At first Frankie wasn’t quite sure what she was looking at. Twinkle’s body seemed concealed inside a box, the kind magicians used when they wanted to cut women in half. Except this
one was upright and only her head poked out of the top, her plentiful grey hair whipped into a turban like cream on a trifle. She must have been sitting down or crouching because the box was wide
and squat and was making streams of perspiration tumble down her face. Above her, leaning precariously, a contraption had been rigged; a tilting hat-stand held in place by a pulley roped to the
legs of the enormous bedframe. Attached to it, two ribbons had been looped through the upper corners of a newspaper, holding the pages apart. Twinkle’s face was half-covered by a thick rubber
band circumnavigating her head, strapping a pair of horn opera glasses in place to magnify the paper’s text. She turned slowly towards Frankie until she had her in the sights, looking for all
the world like a terrifying mechanical owl.
‘What the devil . . . ?’
The maid whispered, ‘It’s a gem–wood cabinet. Turkish bath.’
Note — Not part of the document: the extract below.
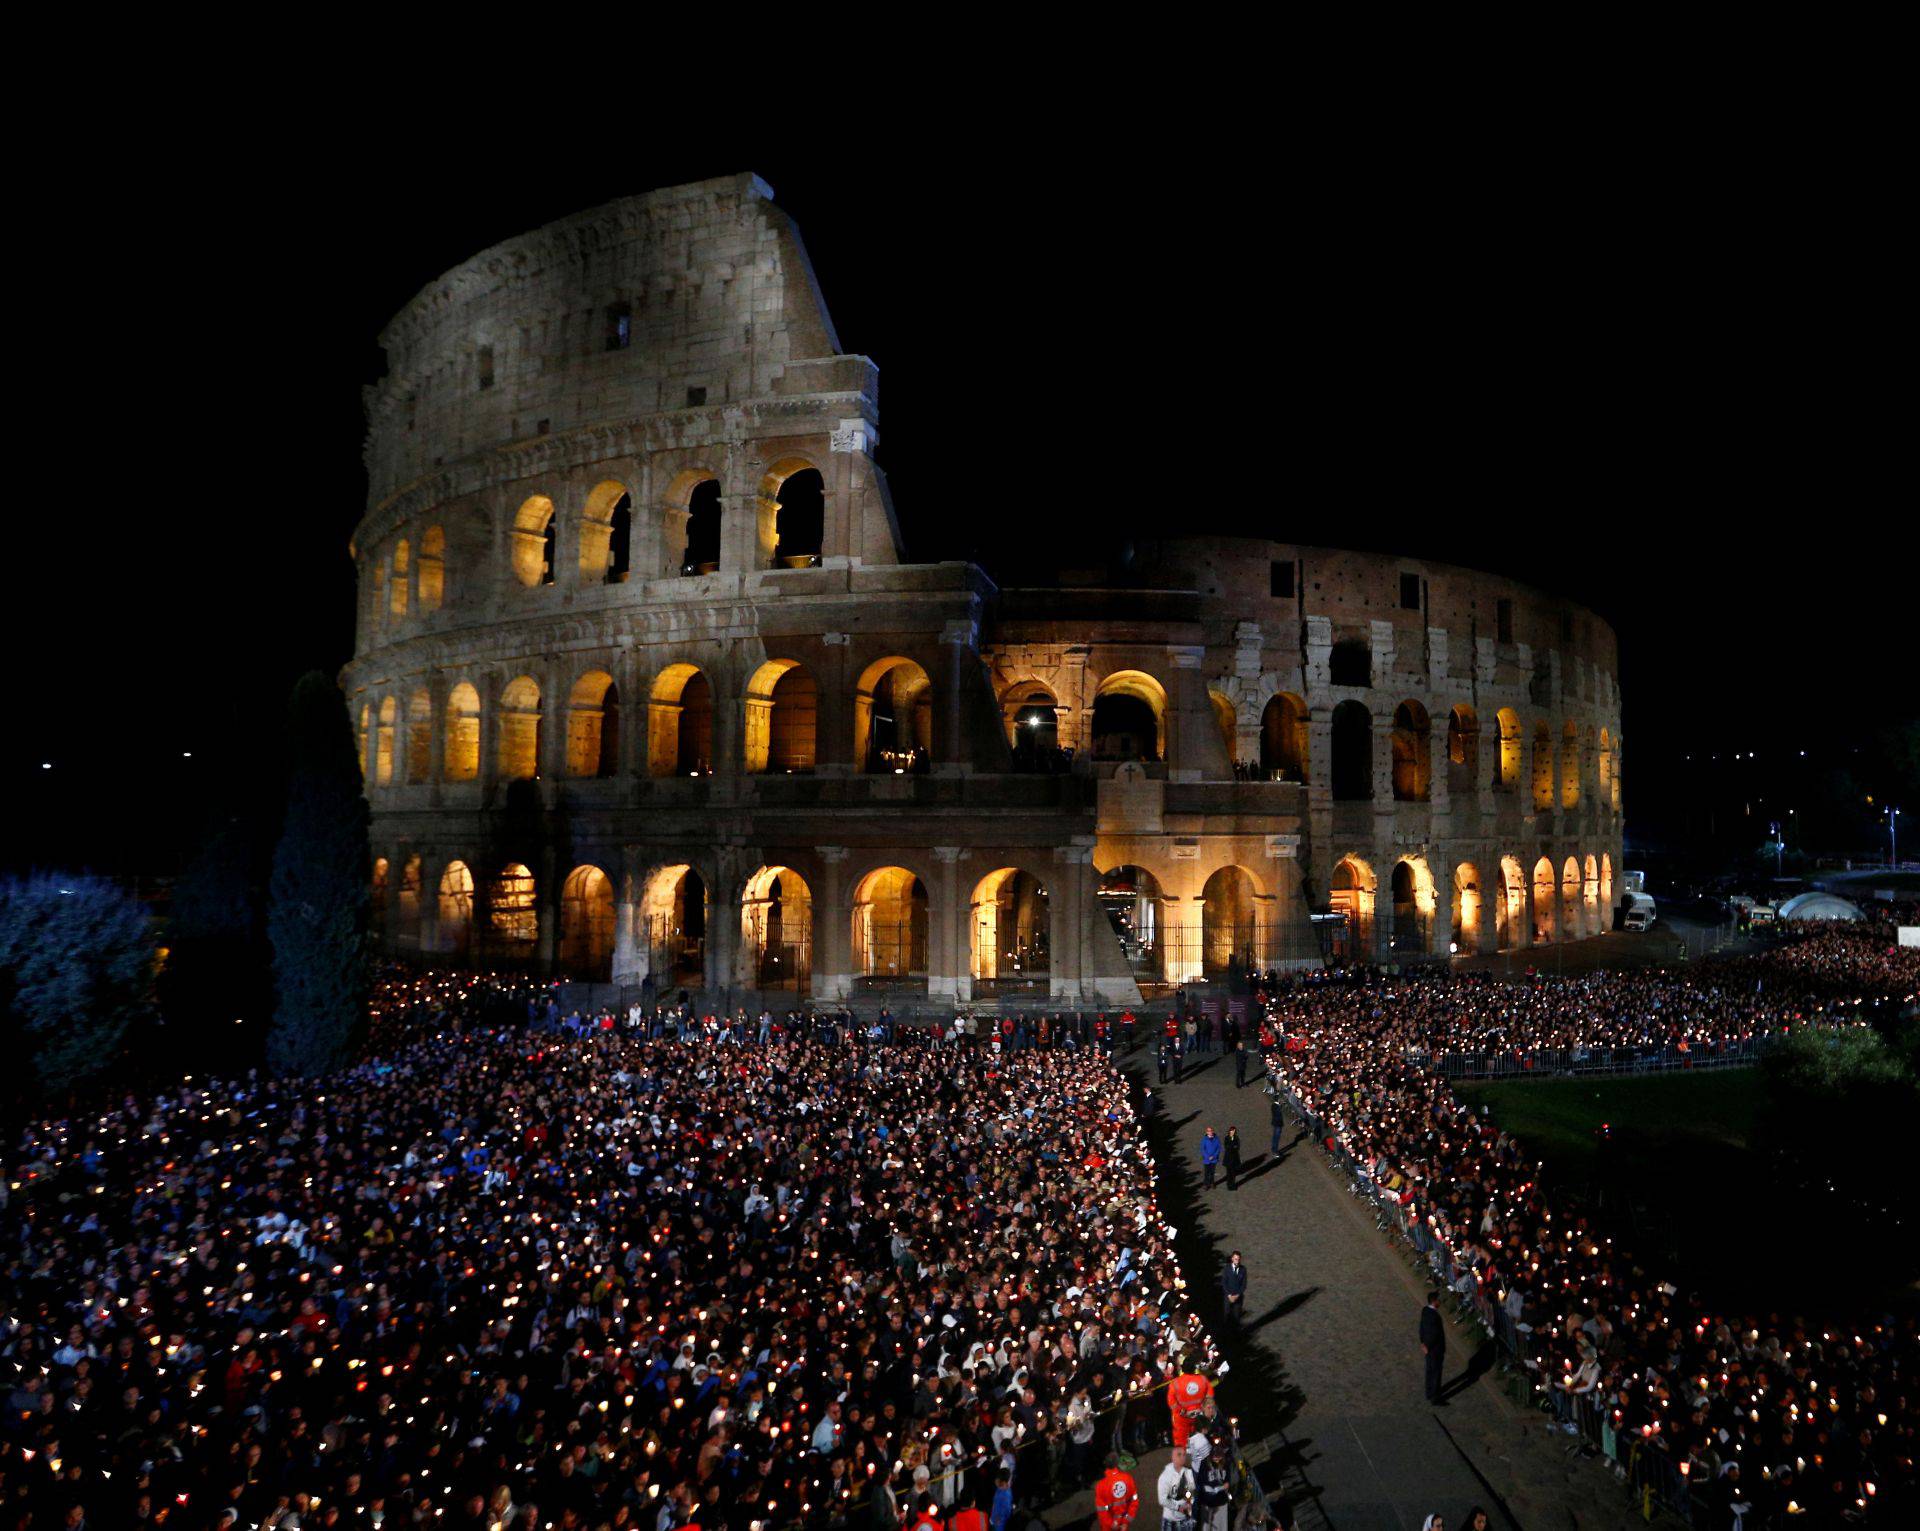 Papa Franjo predvodio je Križni put pred tisućama ljudi u Rimu
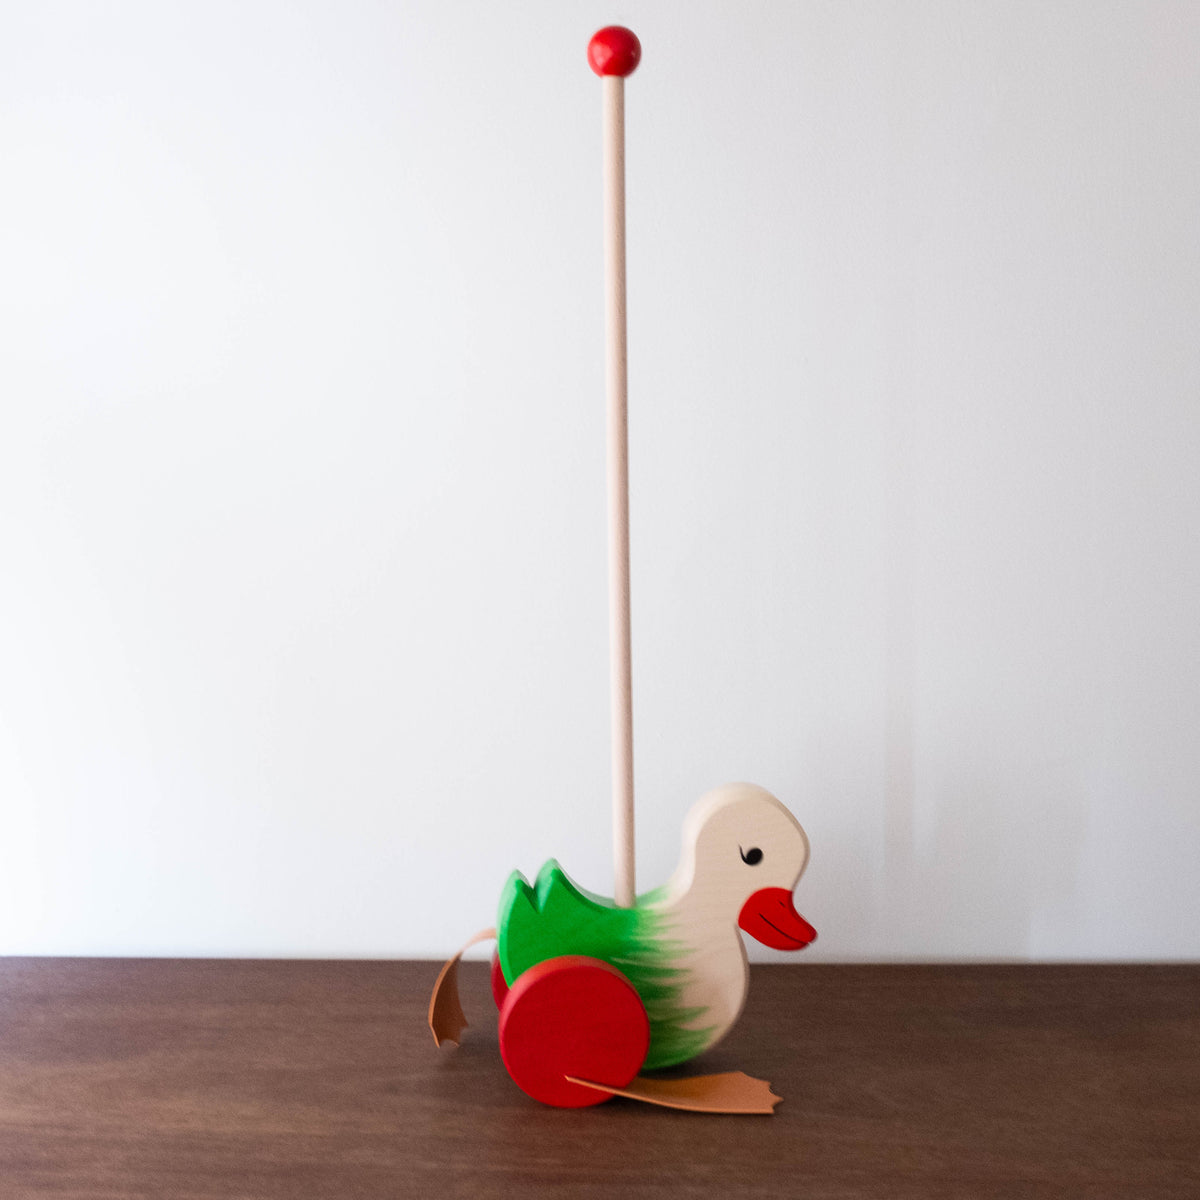 Interpunctie heel fijn Gietvorm Handmade Wooden Push Duck Toy- Green | Shop Merci Milo

Twinkle’s head snapped round. ‘Page. Quickly girl, I’ll lose the train of thought. Hello, Puss.’ The maid scurried over to the cabinet and ran the next page along the
ribbon.
‘You’re not going to make me get in that.’
‘And why not? You could do with one.’ Twinkle looked at the maid. ‘No, dear, not tea, I said gin. We want gin, don’t we, Puss? But first you’re going to eat. I
can’t of course, I’m fasting.’
‘You can drink gin on a fast?’
‘Pardon?’
‘Nothing.’ Frankie sniffed the meaty air again. ‘What are you making?’
Twinkle twitched and made little grunts as the parlourmaid struggled to unstrap the goggles. ‘That’s better. Give me a kiss, Puss.’ Reluctantly Frankie walked over and kissed
Twinkle’s red cheek. Her skin felt like hot wet paper. ‘Gracie’s made oysters, haven’t you?’
The maid blushed.
‘Doesn’t smell like oysters.’
‘The prairie kind.’
Frankie stifled a retch. ‘Aw, I’d love to but I’m stuffed. Had cockles and chips on the way over,’ she lied. She should have known; last week Twinkle had surreptitiously
fed her goat pizzle disguised in a heavy paprika sauce. Dr Freud and his followers, Frankie fancied, would have a field day with Twinkle. There was a purple velveteen chair perched between the
window and the bed and she sat down at a safe distance. Gracie was still standing awkwardly by the door.
‘What are you waiting for? Gin, girl, I said. ‘Now, where was I? Ah yes, you’ll never guess what that piss-pot Mr Fox-Pitt from the
Pall Mall Gazette
has said now. Where
is it, I can’t see without those damned glasses? Listen to this.’
Frankie took her notebook from her pocket and licked the tip of a pencil.
‘“You cannot call a fashionable French or English woman well dressed, but you might describe her as expensively upholstered. Dressmakers,” he thunders, “appear to have
lost sight of the fact that the primary object of clothing is to keep the body warm . . .” Well, I might say to him that a woodland is exceedingly plain without its flowers. Flowers also
serve that other essential purpose.’
‘Decorating cakes?’
‘Pollination.’ She looked accusingly at Frankie. ‘Of course, if you can make the plain look work. But . . . I can’t help thinking that if women were encouraged to dress
like you the birth rate would slow.’
Frankie bit her tongue and looked around the room. Across the bed lay a tangle of furs with heads, paws and tails flopping in every direction. ‘Are you going to get out of there? You look
as cooked as a Christmas goose.’
‘What do you think about Mr Fox-Pitt? I think we should get our revenge. I have the idea to recommend that men wear purple.’
‘Purple? Why purple?’
‘I would like to see women arriving at the theatre, and being shocked to find a man sitting next to them who clashes with their dress. And purple clashes with quite a lot of things. Like
your suit, Puss.’ She glanced at Frankie’s trousers against the chair, and continued to ramble. ‘Purple has a sort of ecclesiastical feel to it, and that would make things feel
very naughty at jollifications, don’t you think?’